The idea is to build application for a real-time face detection and recognition using Tensorflow and a notebook's webcam. The model for face prediction should be easy to update online to add new targets.
- Tensorflow 1.7 and python 3
- Everything should be dockerized and easy to reproduce!
Just type:
docker run -it --rm -p 5000:5000 btwardow/tf-face-recognition:1.0.0
Then got to https://localhost:5000/ or type it in your browser to get face detection (without recognition for now).
Note: HTTPS is required from many modern browsers to transfer video outside the localhost, without making any unsafe settings to your browser.
Type this in the root project's directory in order to:
Use main target from Makefile of main directory:
make
docker run --rm -it -p 5000:5000 -v /$(pwd):/workspace btwardow/tf-face-recognition:dev
This volume mapping is very convenient for the development and testing purposes.
To use GPU power - there is dedicated Dockerfile.gpu.
Running application without docker is useful for development. Below is quick how to for *nix environments.

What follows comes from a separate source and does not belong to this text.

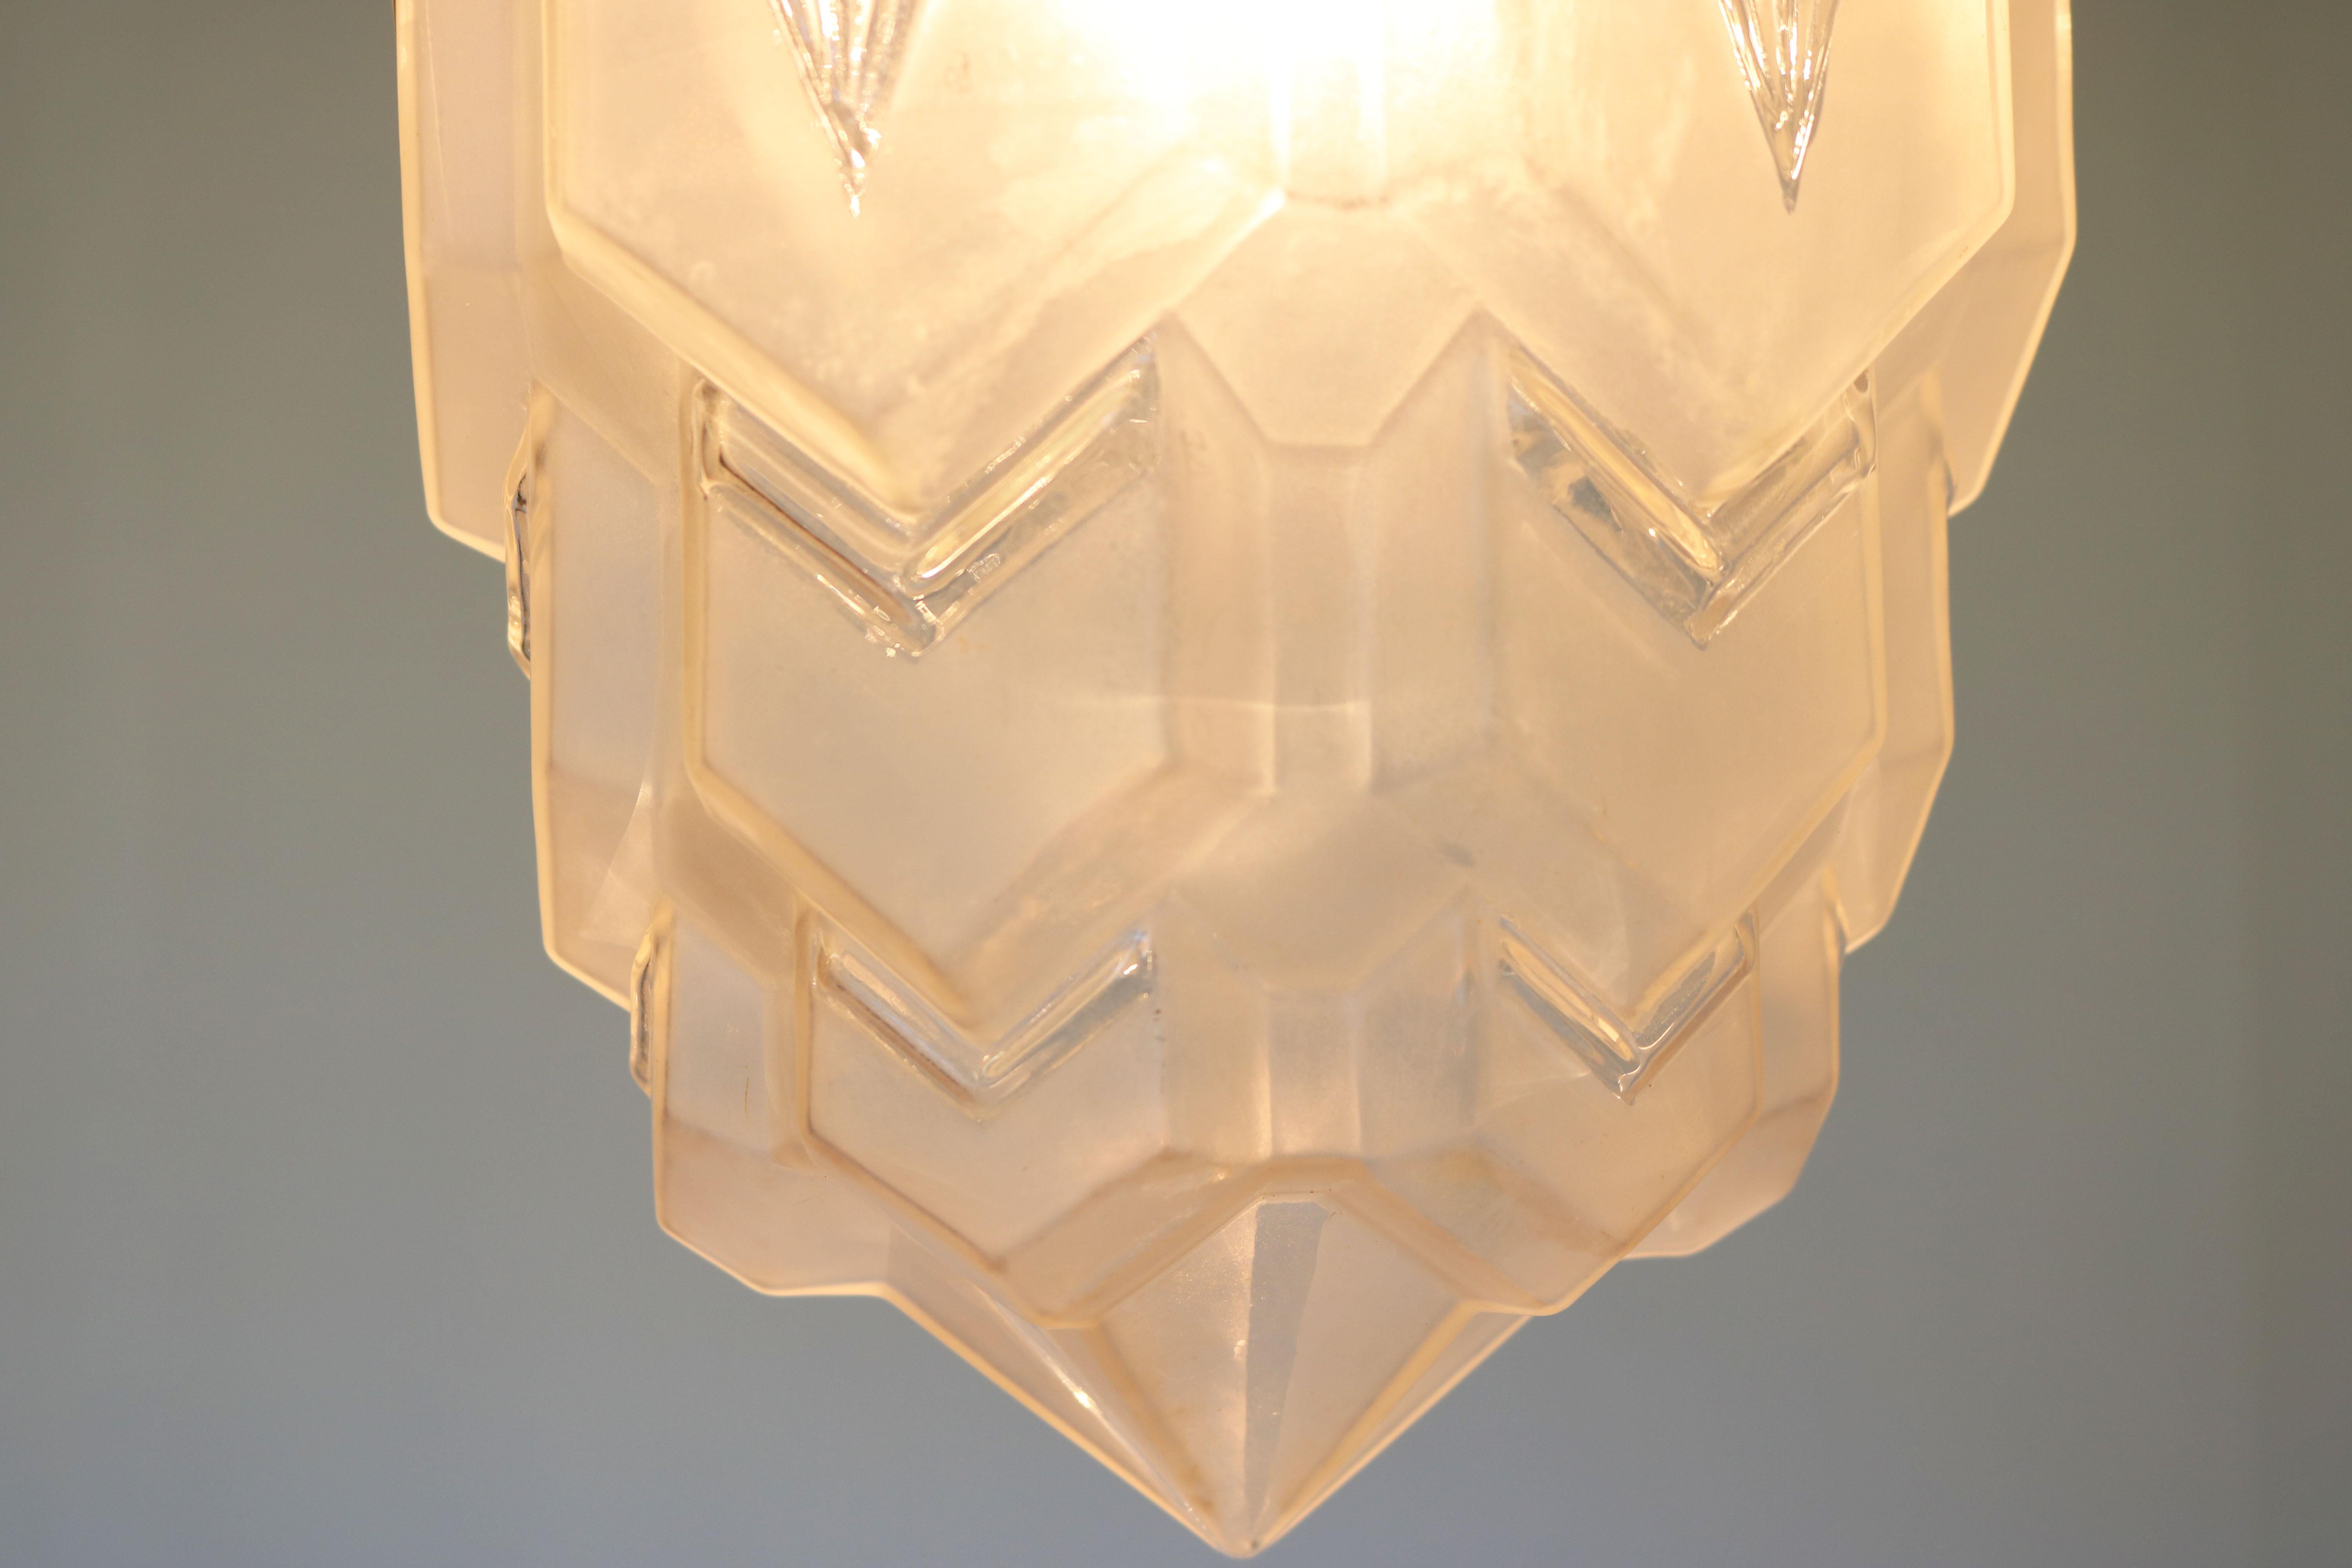 French Antique Art Deco Skyscraper Pendant Light / Lamp 1920 Bauhaus Style Glass

Creating virtual env (with Conda) and installing requirements:
conda create -y -n face_recognition_36 python=3.6
source activate face_recognition_36
pip install -r requirements_dev.txt
Downloading pre-build models:
mkdir ~/pretrained_models
cp docker/download*.py ~/pretrained_models
cd ~/pretrained_models
python download.py
python download_vggace2.py
the ~/pretrained_models
directory should look like that:
(face_recognition_36) b.twardowski@172-16-170-27:~/pretrained_models » tree
.
├── 20180402-114759
│ ├── 20180402-114759.pb
│ ├── model-20180402-114759.ckpt-275.data-00000-of-00001
│ ├── model-20180402-114759.ckpt-275.index
│ └── model-20180402-114759.meta
├── 20180402-114759.zip
├── det1.npy
├── det2.npy
├── det3.npy
├── download.py
└── download_vggace2.py
Then, to start a server, go to ./server
directory and type:
PYTHONPATH=".." python server.py
Everything should be dockerized and easy to reproduce. This makes things interesting even for a toy project from the computer vision area. Why?
- building model/playing around in Jupyter/Python - that's easy... inference
- on data grabbed from the host box camera inside docker - that's tricky!
Why is hard to grab data from camera device from docker? You can read
here.
The main reason - docker is not build for such things, so it's not making life
easier for here. Of course few possibilities are mentioned, like streaming from
the host MBP using ffmpeg
or preparing custom Virtualbox
boot2docker.iso
image and making the MBP webcam pass
through. But
all of them dosn't sound right. All requires additiona effort of installing sth
from brew
or Virualbox configuration (assuming you have docker installed on
your OSX).
The good side of having this as a webapp is fact that you can try it out on your mobile phone! What is very convenient for testing and demos.
Face detection is done to find faces from the video and mark it boundaries. These are areas that can be future use for the face recognition task. To detect faces the pre-trained MTCNN network is being used.
The face detection is using embedding from the VGGFace2 network + KNN model implemented in Tensorflow.
In order to get your face recognized first a few examples have to be provided to our algorithm (now - at least 10).
When you see the application working and correctly detecting faces just click the Capture Examples button.
While capturing examples for the face detection there have to be single face in video!
After 10 examples are collected, we can type the name of the person and upload them to server.
As a result we see the current status of classification examples:
And from now on, the new person is recognized. For this example it's CoverGirl.
If you are interested about the classification, please check out this notebook which will explain in details how it works (e.g. threshold for the recognition).
You can run jupyter notebook from the docker, just type:
docker run --rm -it -p 8888:8888 btwardow/tf-face-recognition:1.0.0 /run_jupyter.sh --allow-root
- face detection with a pre-trained MTCNN network
- training face recognition classifier (use pre-trained embedding + classifier) based on provided examples
- model updates directly from the browser
- save & clear classification model from the browser
- check if detection can be done faster, if so re-implement it (optimize MTCNN for inference?)
- try out port it to Trensorflow.js (as skeptical as I am of crunching numbers in JavaScript...)
Many thanks to creators of facenet
project, which provides pre trained models for VGGFace2. Great job!